Supplied material:

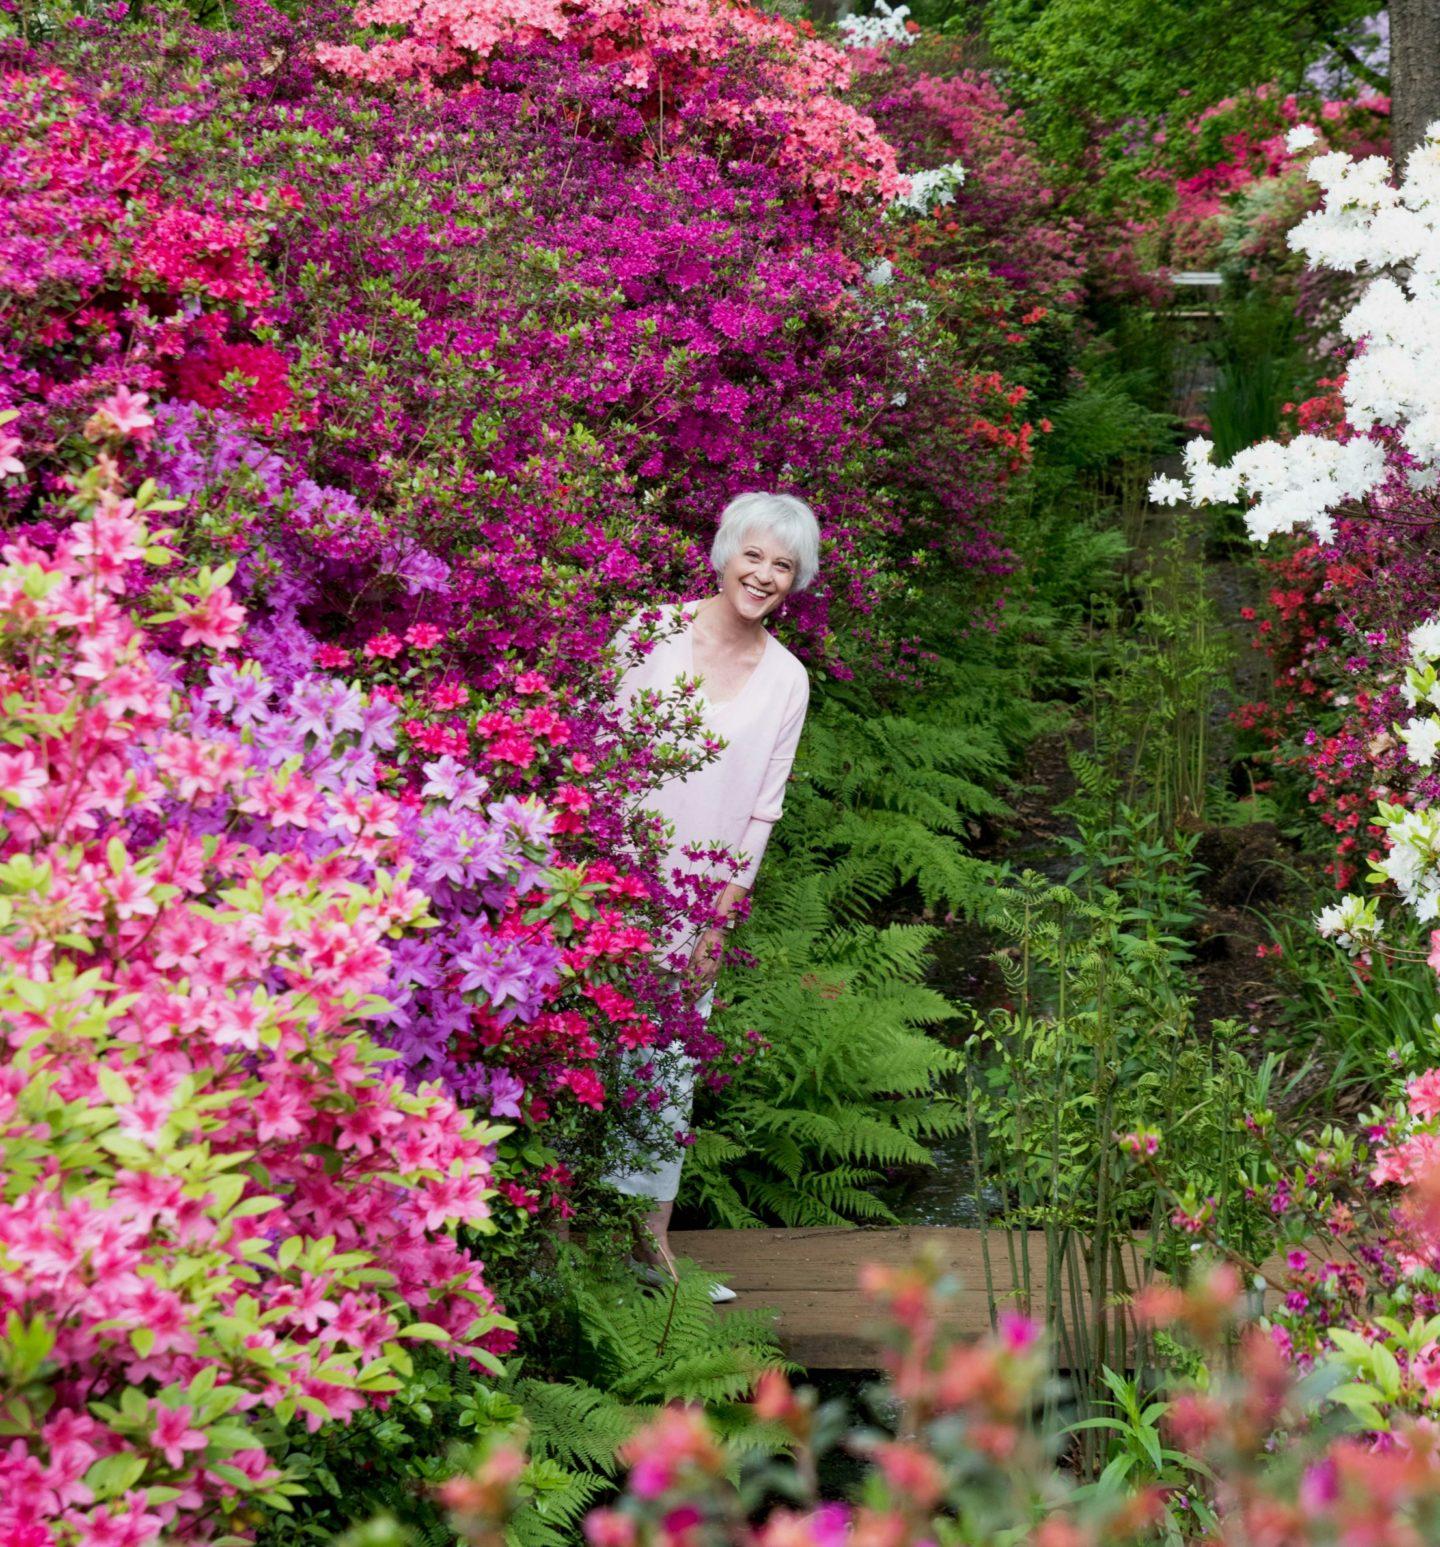 Pink swearer among azaleas
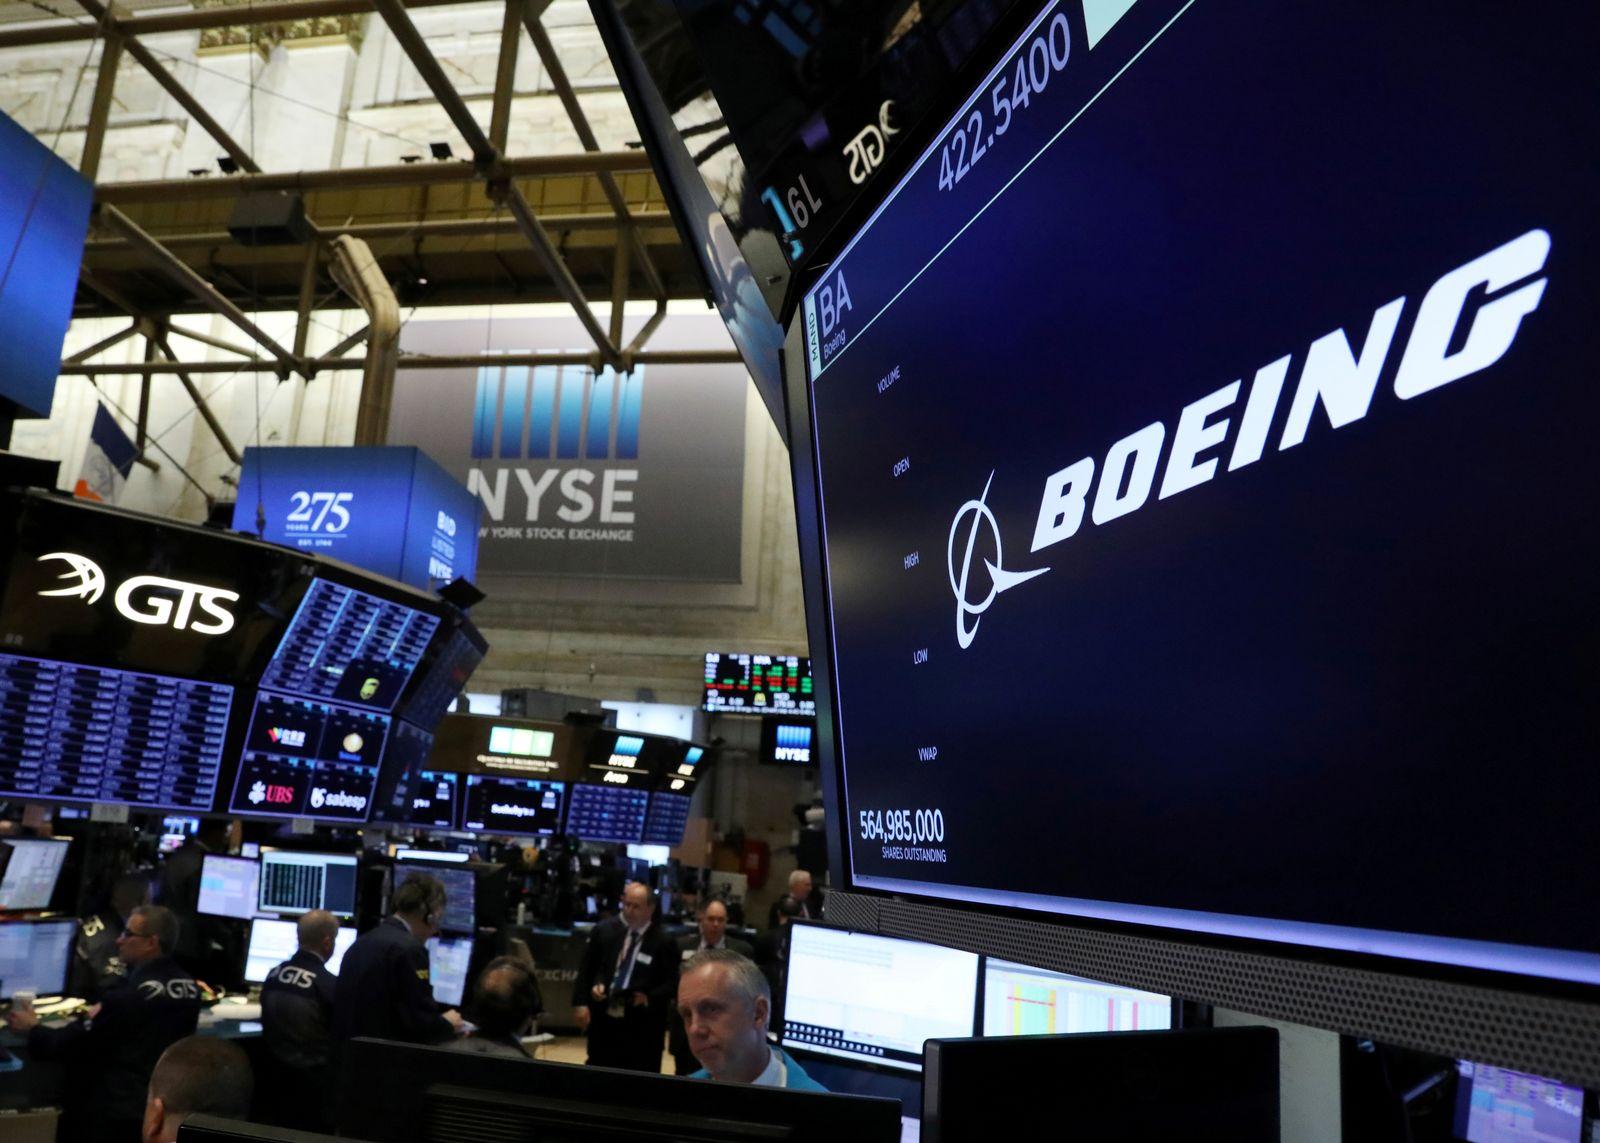 Boeing Börse
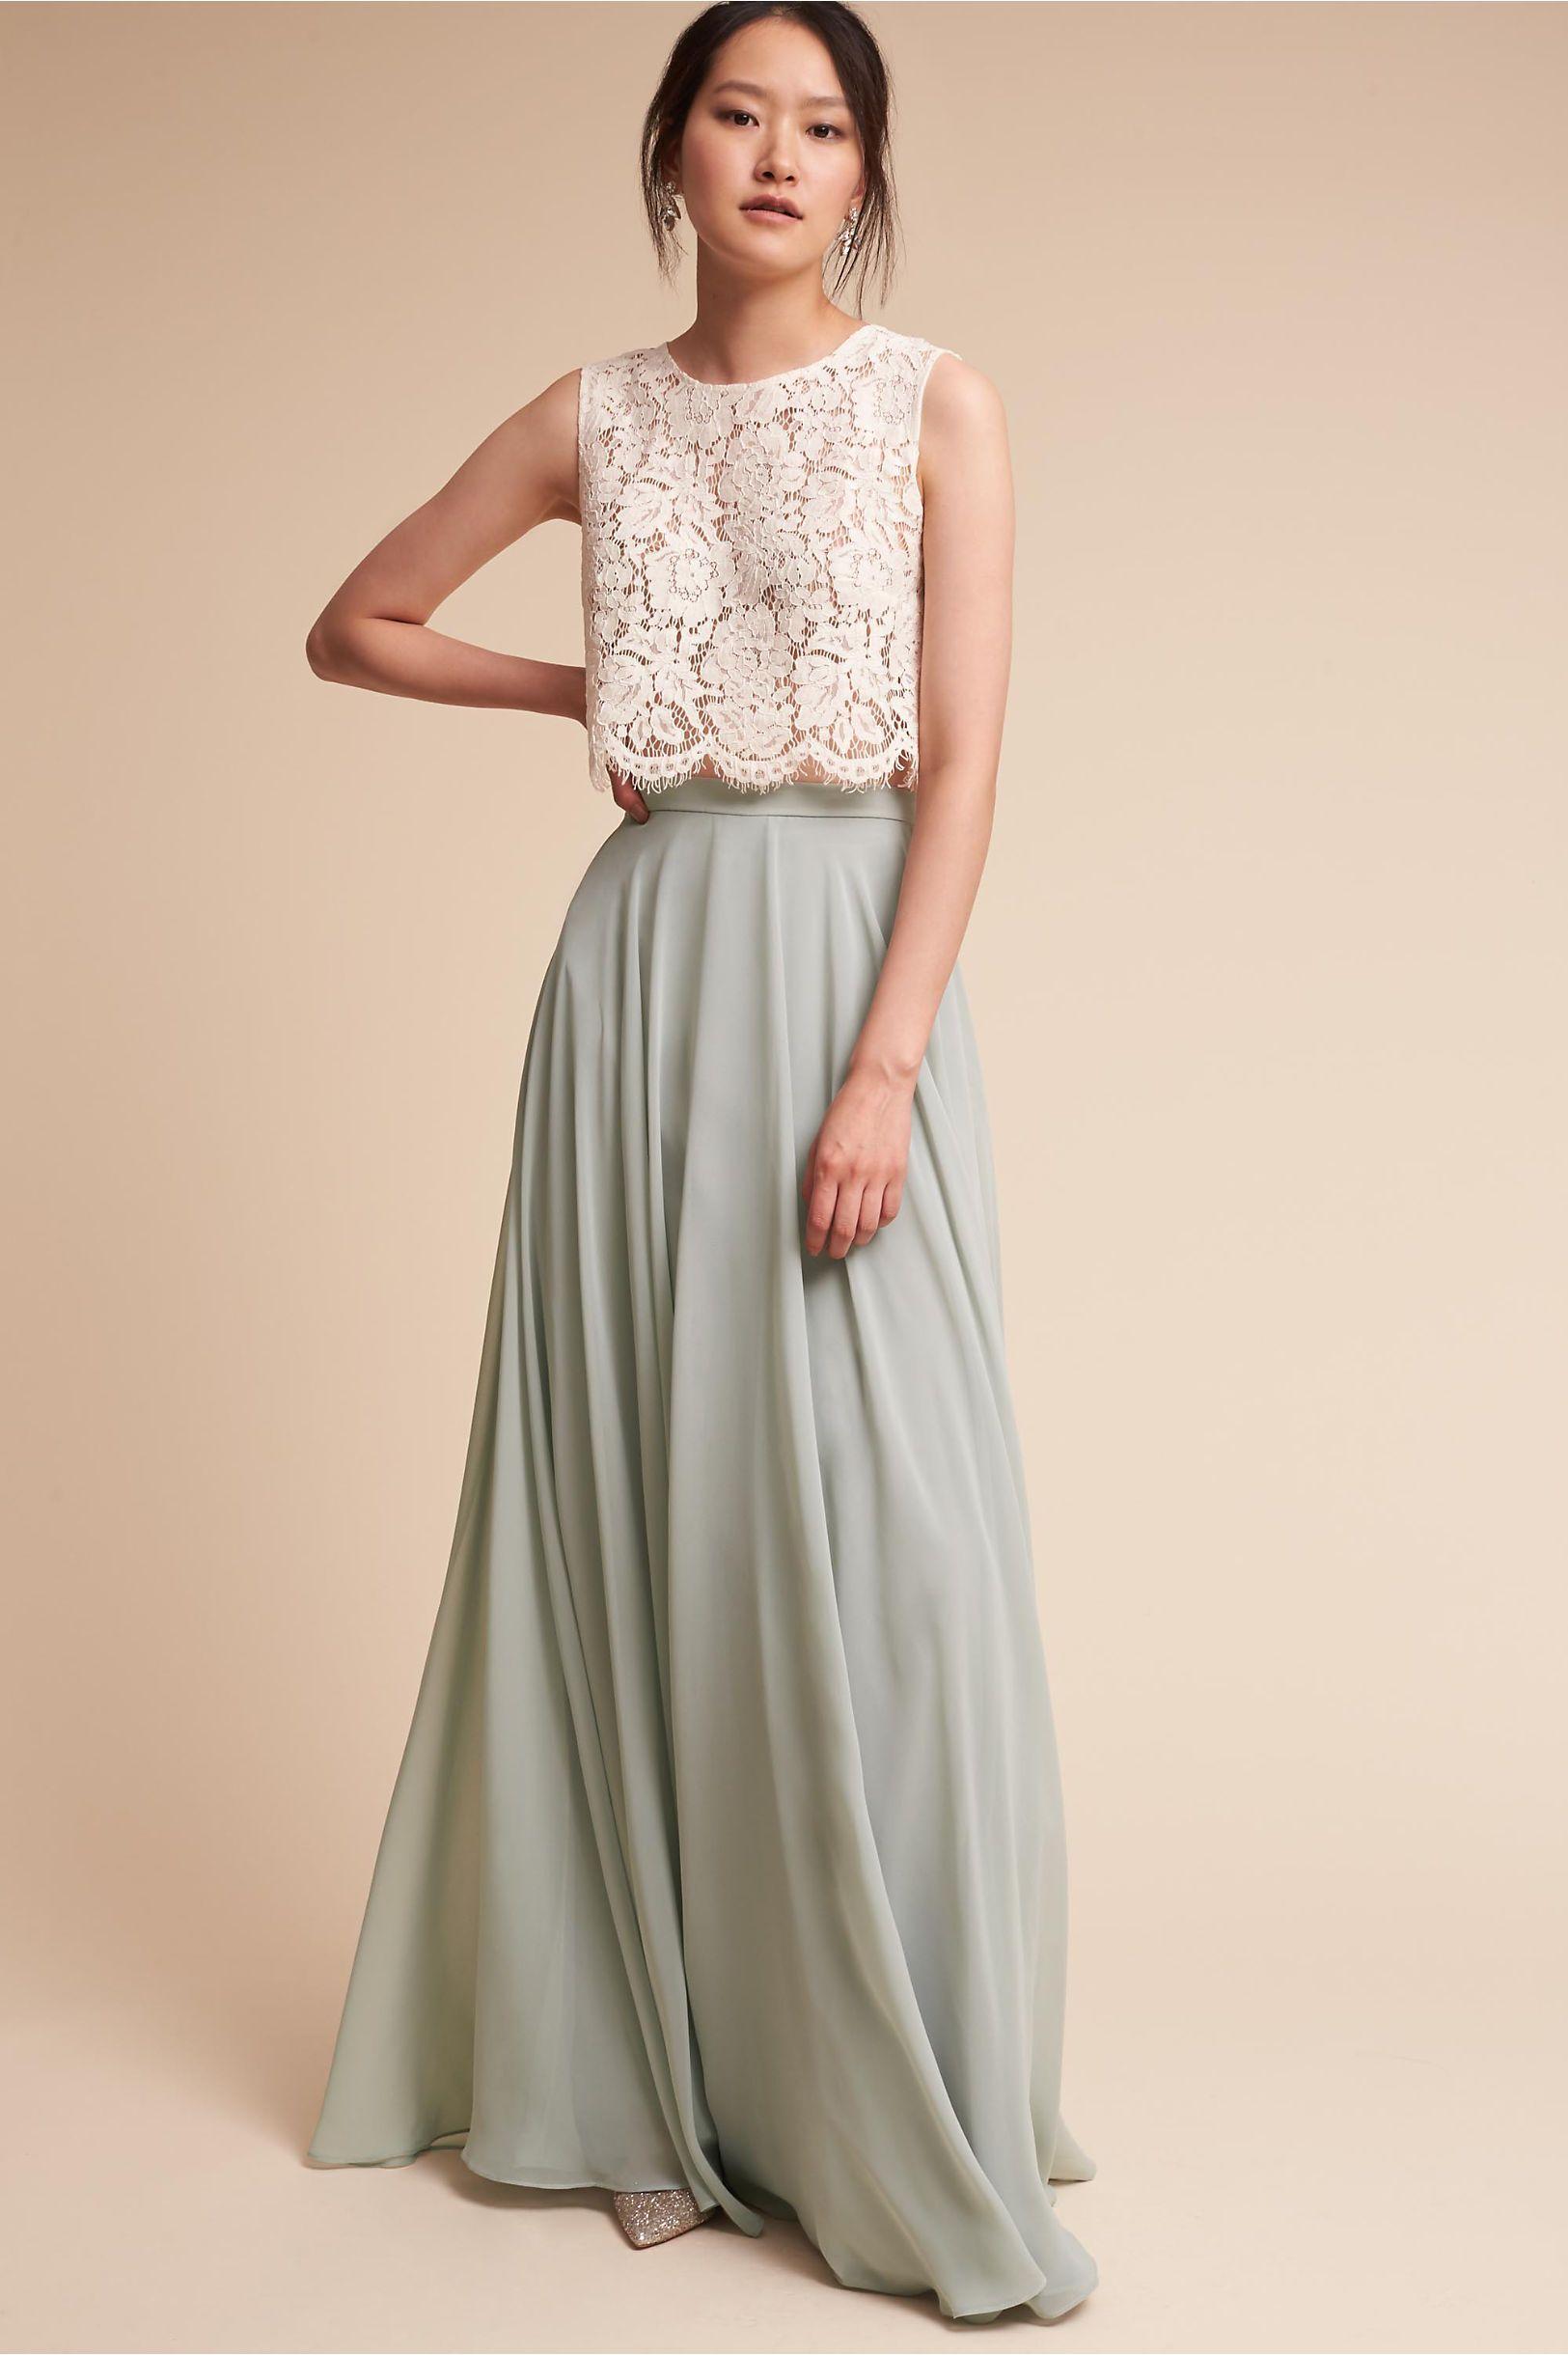 0c9459dda37 BHLDN Allegro Top   Hampton Skirt in Bridal Party

Assignment:
The answer must be the whole listing, word for word, with no pictures in it. Please write it out.

Task result:
 Pink swearer among azaleas
 Boeing Börse
 0c9459dda37 BHLDN Allegro Top   Hampton Skirt in Bridal Party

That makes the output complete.